Raphael died shortly after 10pm on 6 April 1520 – Good Friday – at the age of 37. Seizing on the anagogical significance of the date, one of the many stricken observers reporting on his death from the papal court remarked, with some chronological licence, that just as at Christ’s Crucifixion, the heavens willed a sign of profound grief, causing the walls of the Vatican palace to rupture. The Christological analogy was reinforced by the funerary tableau staged after his death, when his body was laid out on a bier beneath his final painting, the Transfiguration. Emerging from the darkness like an apparition, the radiant Christ, transcendent in an explosion of divine light, must have struck the mourners as a portrayal of the artist himself, whose Christ-like features had been remarked on in his lifetime. Then, in accordance with his wishes, Raphael’s earthly remains were interred in a tomb in the Pantheon (for centuries a consecrated church but originally a temple to the pagan gods of antiquity). There was no more symbolically resonant space in Rome. His burial there fuelled the nascent hagiography of the ‘Prince of Painters’ – the enduring epithet conferred on Raphael while he was still alive by the brilliant humanist Celio Calcagnini.
In the centuries after his death, the cult of Raphael grew, promoted in academies across Europe and championed by devout adherents like Ingres. It is not surprising, then, that the opening of his tomb in September 1833 was greeted with the heightened anticipation and solemn ceremony attending the exhumation of a saint. All Rome talked of nothing else, according to the architect Carlo Falconieri, who witnessed the events. As if for a blockbuster exhibition, tickets were issued for viewing Raphael’s skeleton in the Pantheon, and in the course of the six days it was displayed in a glass case before being reinterred, more than 3,000 people filed past.
The canonical view of Raphael as agreeable, well-mannered and endowed with a sweet, even angelic, disposition was articulated by the biographer Giorgio Vasari in the mid 16th century. And while this characterisation has the ring of a literary trope (as it became in the words of the artist’s friend Baldassare Castiglione, author of The Courtier, and of the humanist polymath Polydore Vergil, both of whom played on the saintly nature implicit in his surname, Santi), it undoubtedly contains elements of truth. His father, Giovanni Santi, court artist to the Duke of Urbino, had painted the young Raphael as a child-angel standing beside the Madonna and Child, and an early patron and protector praised his gentility in a letter of introduction to the head of the Florentine Republic in 1504. (The letter’s authenticity has been doubted but is today accepted by most scholars.) Years later in Rome at the height of his success, the frenetically overworked artist did not forget his manners – at least until provoked: a continuous chain of correspondence lasting more than three years records the relentless and ultimately futile efforts of the Duke of Ferrara, Alfonso d’Este, to procure a painting Raphael had long promised him. Charged with hounding the delinquent painter, the duke’s agents in Rome dutifully relayed the always fulsome, if hollow, replies to their entreaties. Eventually, the obliging pretext was dropped and Raphael, whose mounting irritation is clear, simply evaded the unwelcome messenger. Whether Alfonso’s fulminating admonition that Raphael had no business treating a duke like a lowly commoner was ever delivered is unknown.

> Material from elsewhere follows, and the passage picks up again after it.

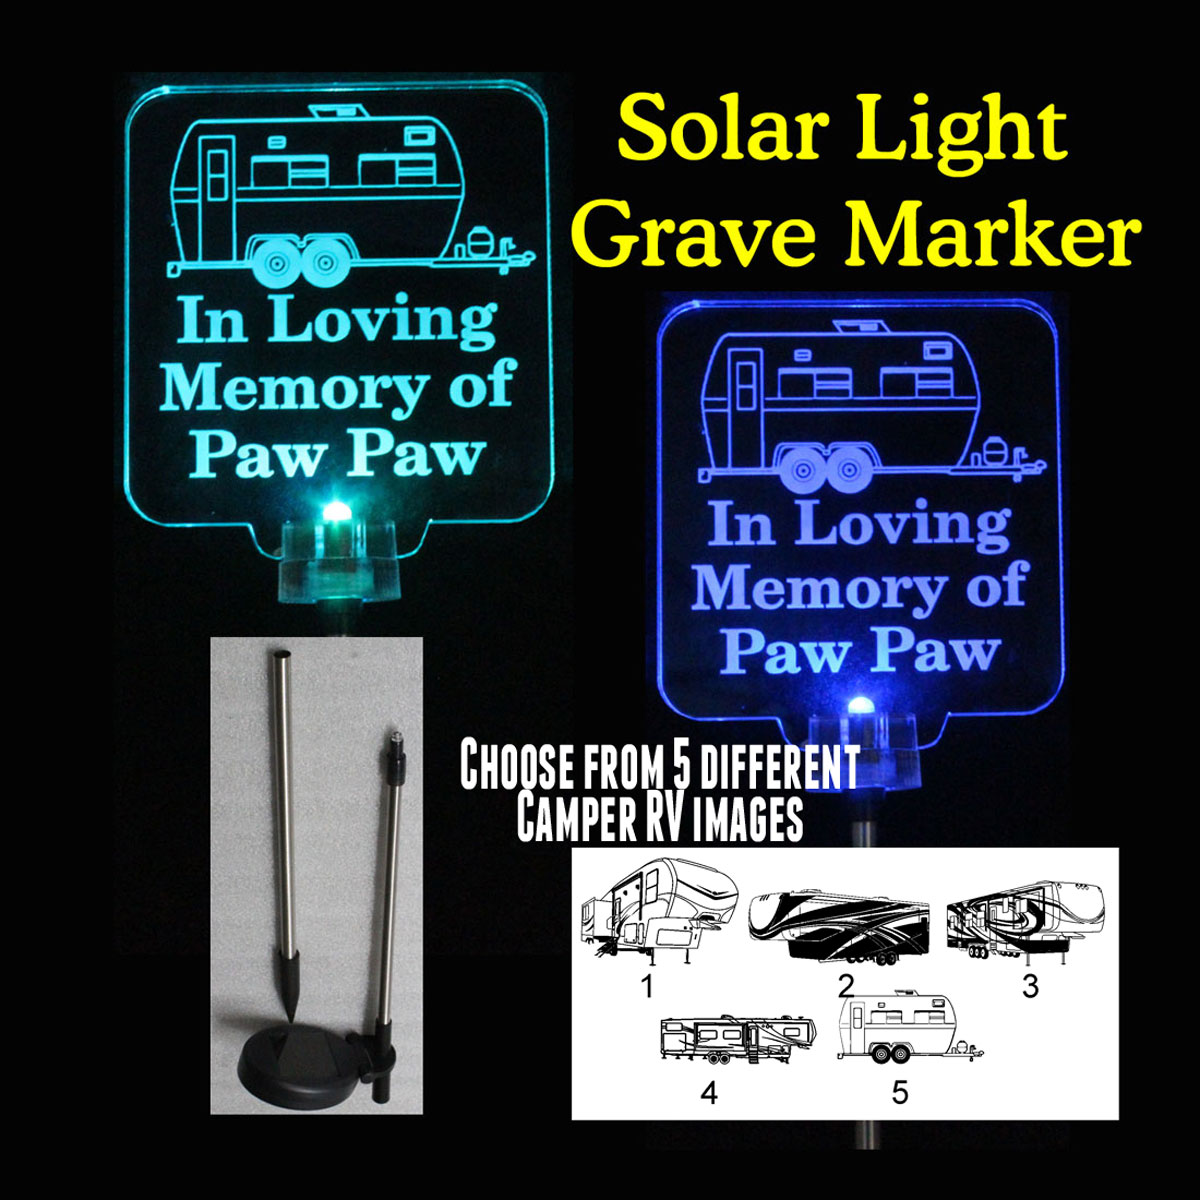 Camper RV Cemetary marker solar light grave marker, memorial plaque,  personalized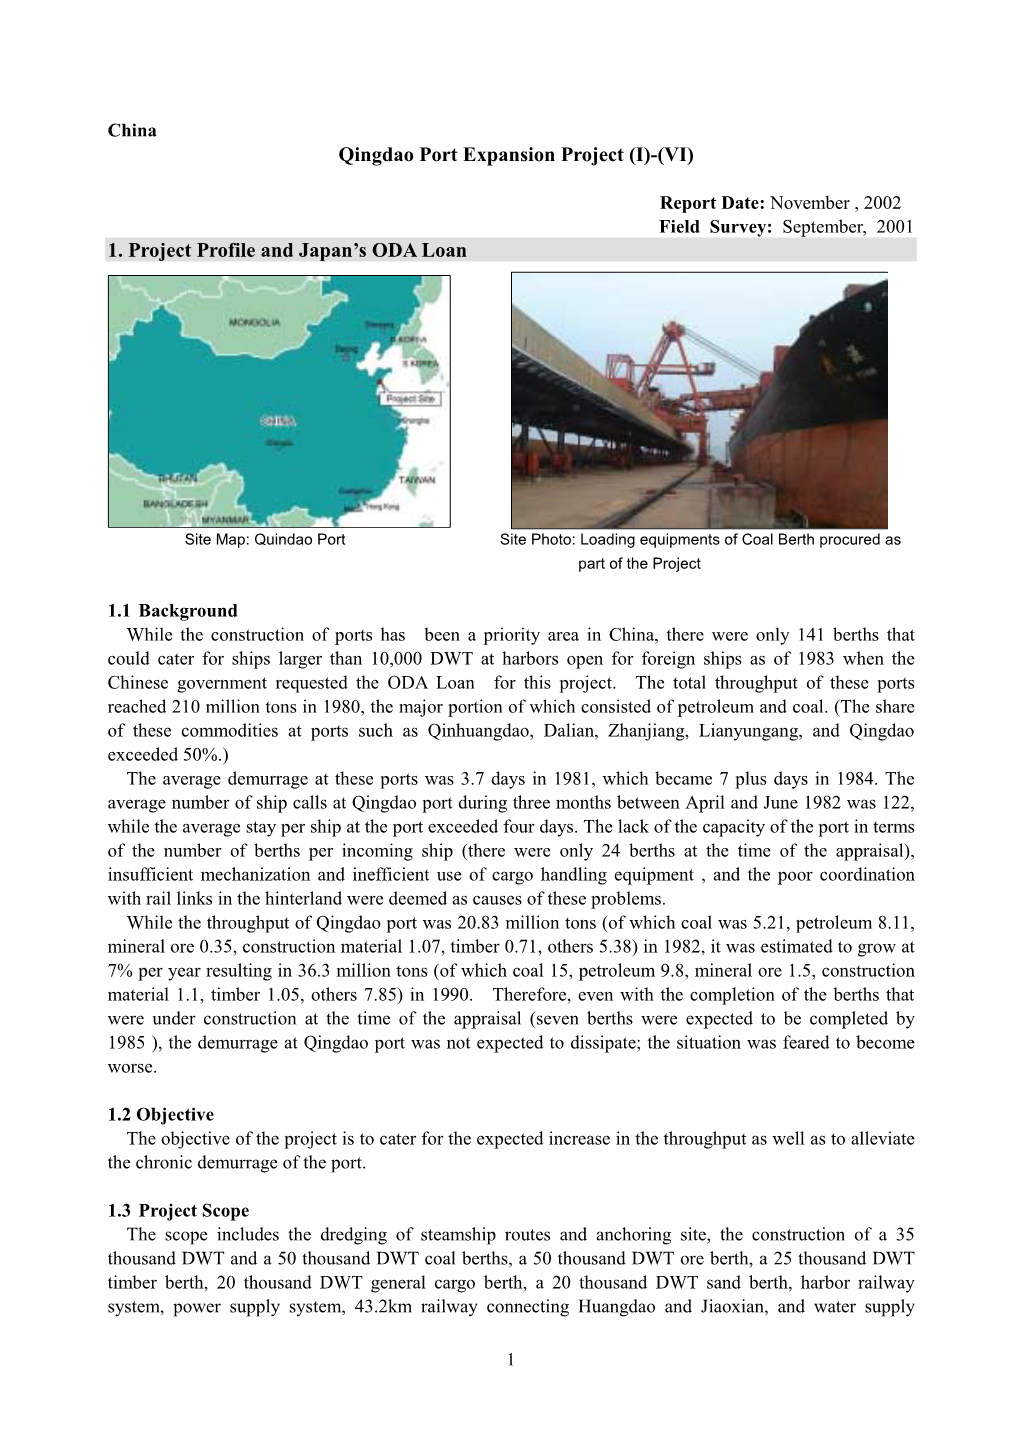 Qingdao Port Expansion Project (I)-(VI)

This chink in his armour of politesse signals a more complex character than the two-dimensional depiction of Raphael as unfailingly sweet and sunny – the antitype of the dour and acerbic Michelangelo – accommodates. But a less worshipful, more nuanced portrayal is the more historically accurate one. There is no doubt that Raphael was indeed genial, polite, sociable, and genuinely fond of and beloved by his many friends and associates. At the same time, he was ambitious, competitive, conspiratorial, and occasionally ruthless in his single-minded climb to the top – less attractive aspects of his character that have recently begun to come into focus. If one or two early anecdotes are to be believed, while never a practical joker, Raphael also had a quick wit and waggish sense of humour. Though long and apparently reluctantly betrothed to the niece of a powerful cardinal, he eluded the snares of matrimony himself while orchestrating a marriage alliance between two of his disciples and creating out of his workshop a tight-knit familia. He acquired vast wealth that allowed him to invest in real estate, and also to bankroll impecunious friends and acquaintances. And while he was paid handsomely for his labours, there are hints in the contemporary record of some shady dealings. On the 500th anniversary of his death, it seems a fitting exercise to sift through documents and other evidence from his lifetime in order to piece together and resurrect this more complicated Raphael, starting with his bones in the Pantheon.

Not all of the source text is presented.